Fifth Why The team members are beginning to think they are almost there, but they decide to probe at least one layer deeper. They ask, “Why wasn’t the inventory system upgraded in concert with the ERP implementation?” The evidence is that when management decided to replace the company’s long-standing manual planning system with ERP, the organization did not understand that a virtually error-free, real-time inventory would be required. Inventory accuracy had not been a problem over the years; hence, no effort was made to change inventory equipment, procedures, or methods. Management had been in the dark. Is that the root cause? The team doesn’t think so. After all, no one—not even experienced, well-paid managers—knows everything. The root cause, as determined by the team, is that the orga­nization has no effective internal planning process in place to ensure that when new systems are implemented, the relevant infrastructure is capable of supporting it. Had such a process been in place, the right people would have found that the existing inventory system was incapable of supporting ERP.

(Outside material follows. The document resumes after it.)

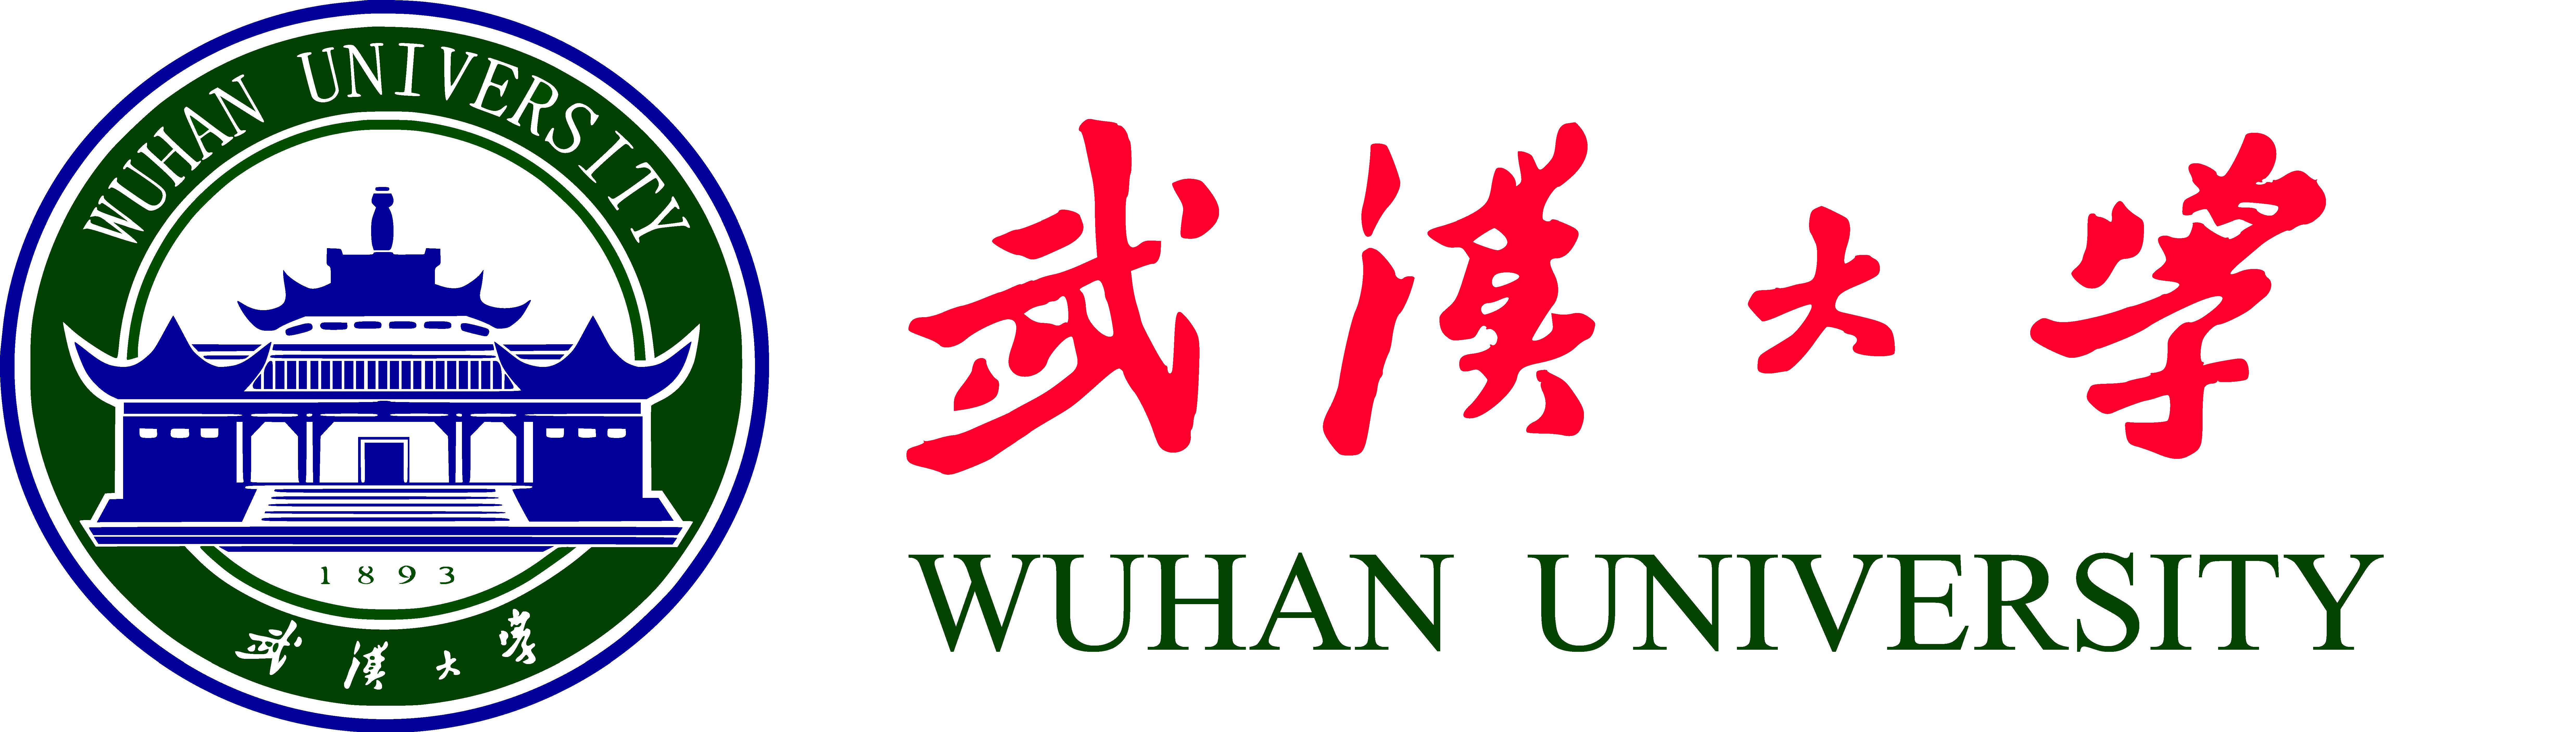 1920年6月出生于四川成都,先后毕业于武汉大学(1943)和哈佛大学(1947)
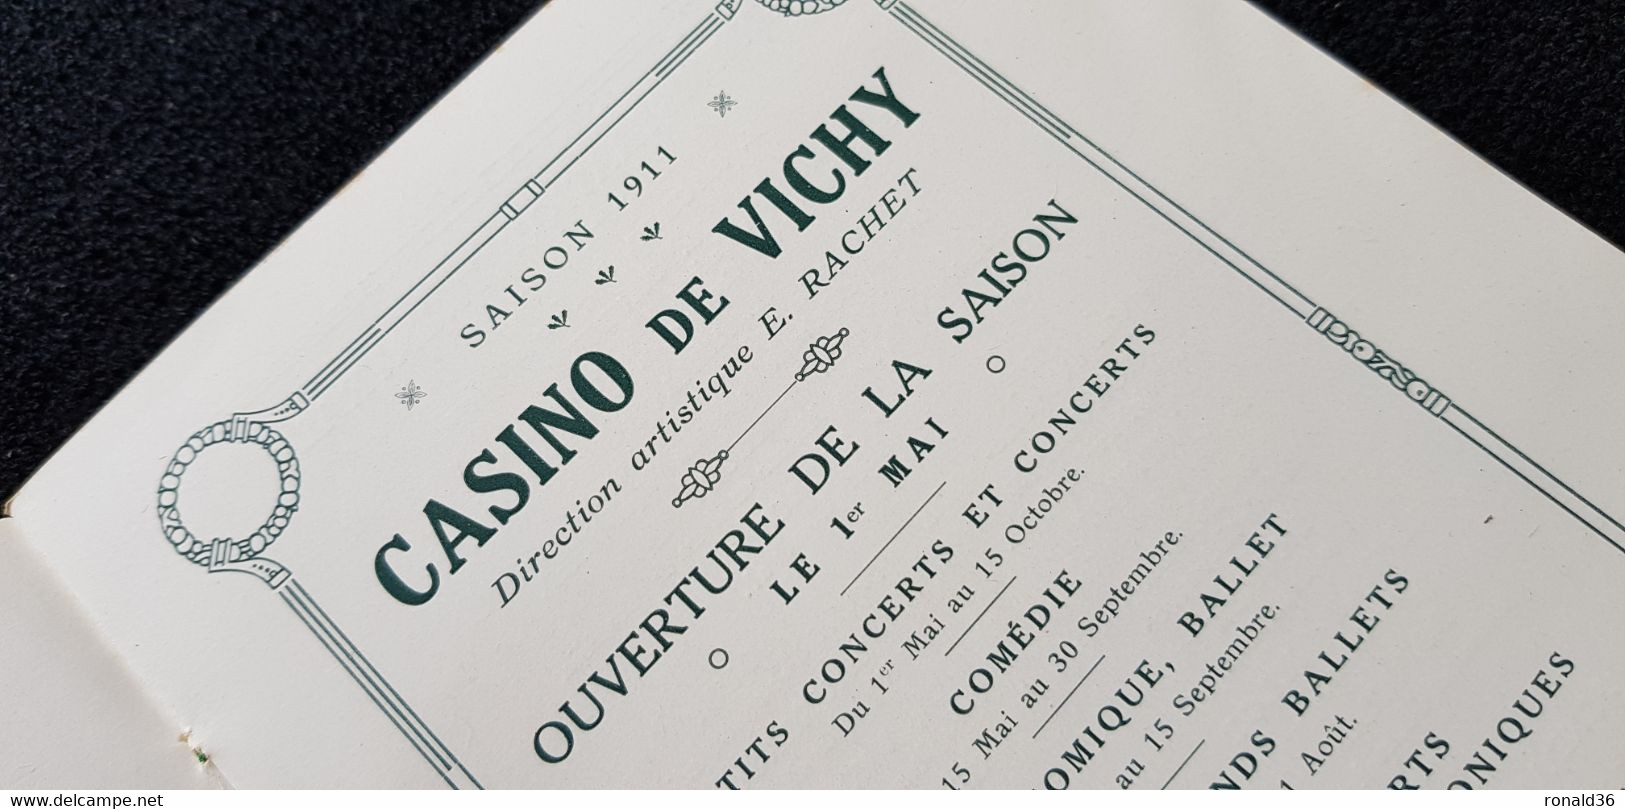 03 Allier VICHY Illustration Casino Saison 1911 Programme Artistique Concert Danse Plan Du Théatre Golf Tennis Escrime - Programs

Beyond the Fifth Why Five Why’s will usually lead to a root cause, but occasionally a sixth or seventh may be use­ful. In this case, we could have asked “Why?” once or twice more to find out why the cited procedure didn’t exist, but that would not seem to be very productive.

Step 5: Develop and Implement a Countermeasure Continuing, the team found it easy to articulate their solu­tion (countermeasure). It has four components:

To correct the immediate problem,

  1. The team must acquaint the management with ERP re­quirements for inventory accuracy.
  2. Management must commit to, and support, the upgrad­ing of the inventory system.
  3. Until virtually 100% inventory database accuracy is achieved, the organization must restore manual checks on the system to prevent unnecessary material orders.

To prevent similar problems in the future,

  1. A procedure must be implemented to ensure
  2. Understanding of the needs of prospective new sys­tems before committing to them.
  3. Concurrent availability of suitable infrastructure support for any new systems that are implemented.

Step 6: Determine the Effectiveness of the Countermeasure The team now has to determine whether the improvement objective developed in substep 2f is being satisfied by the implementation of the countermeasure. This may be done by testing and monitoring until the accumulation of data can determine a statistically valid “yes” or “no” answer. Should the answer be “no,” then the team must come up with a different countermeasure. Once the answer is “yes,” the team can proceed to the final step.

Step 7: Change the Standard Whether the “standard” in question is a product specification, a manufacturing pro­cess, or a work instruction, the team must update it to re­flect any change(s) made through the countermeasure. This documents the improvement made and becomes the new standard for the process or product, to which all relevant employees will adhere.